Try it
No pictures go into the copy. Write out every line below exactly.

Dataset extract
• • •
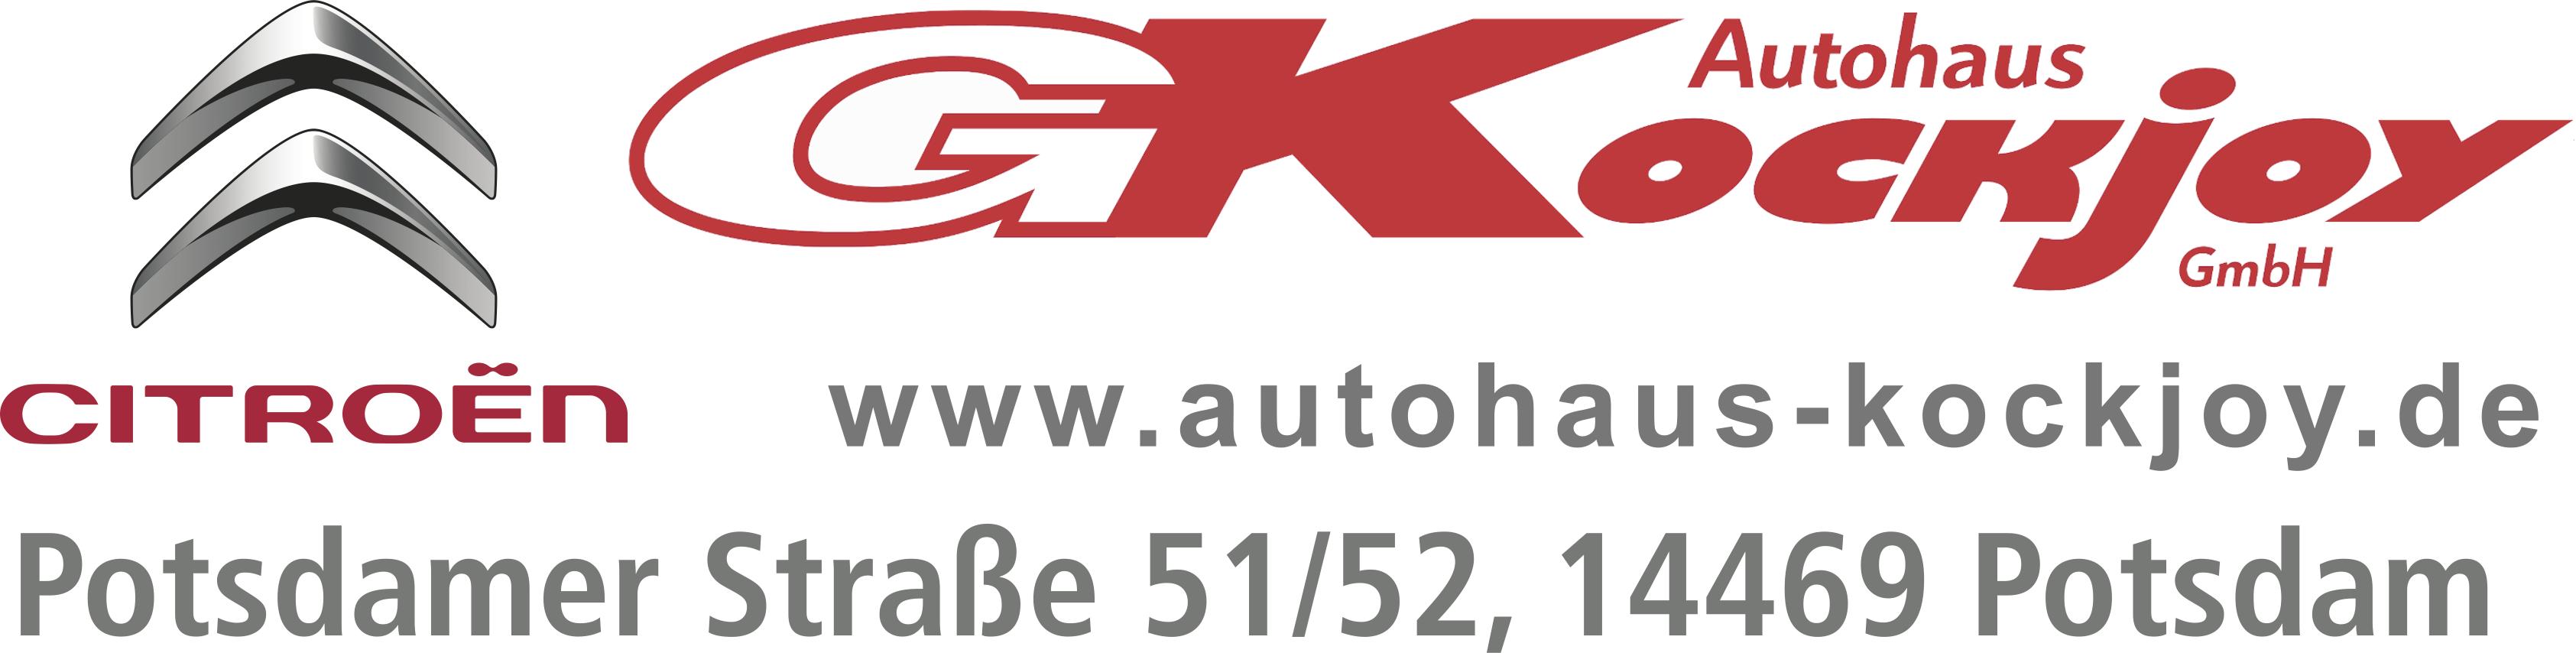 Autohaus Gerhard Kockjoy
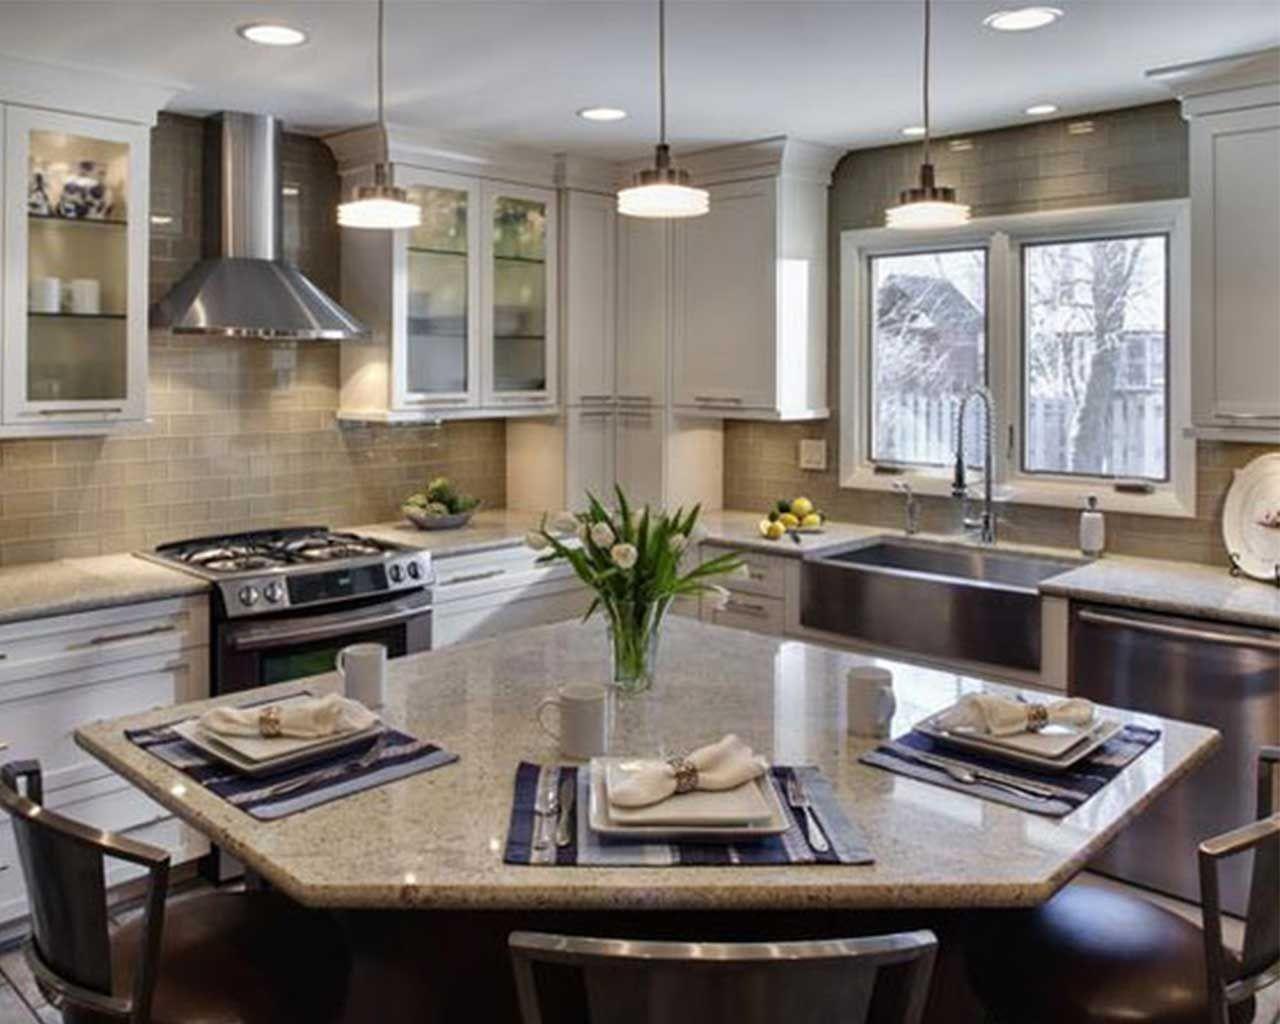 Kitchen Ideas 2020 With Island
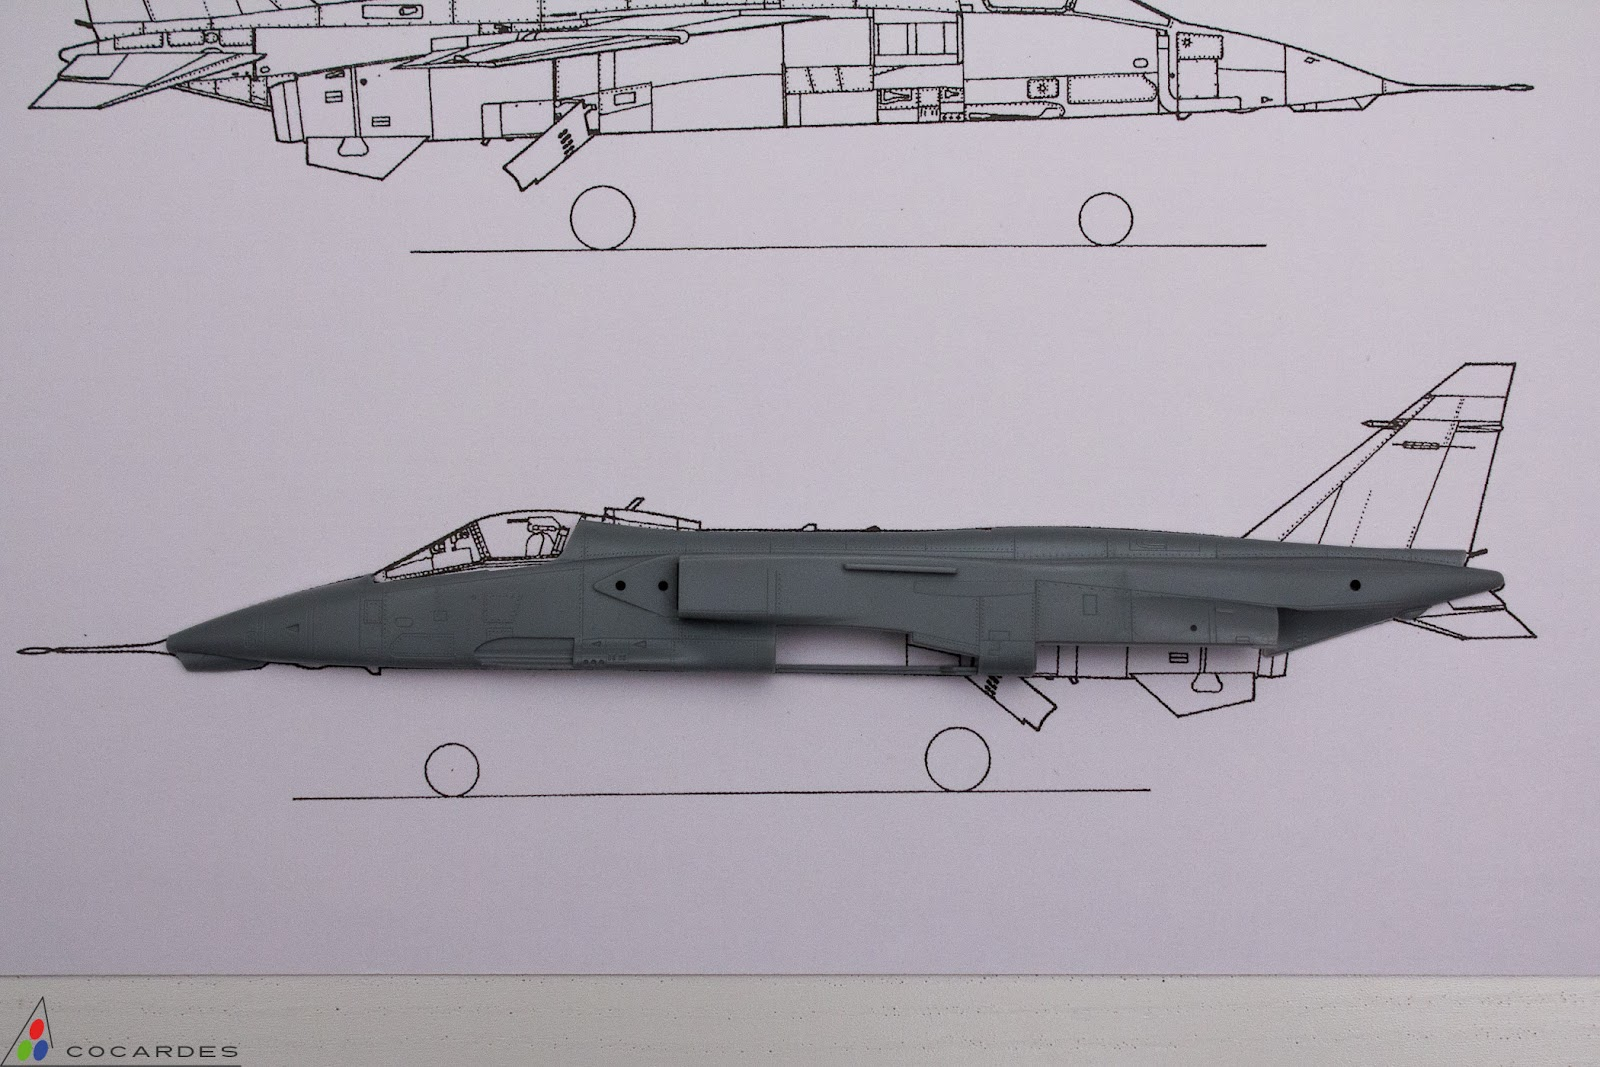 AeroSpirit  maquette miniature SEPECAT Jaguar Royal Air Force XX116 1:72 Corgi
• • •
Completed task
 Autohaus Gerhard Kockjoy
 Kitchen Ideas 2020 With Island
 AeroSpirit  maquette miniature SEPECAT Jaguar Royal Air Force XX116 1:72 Corgi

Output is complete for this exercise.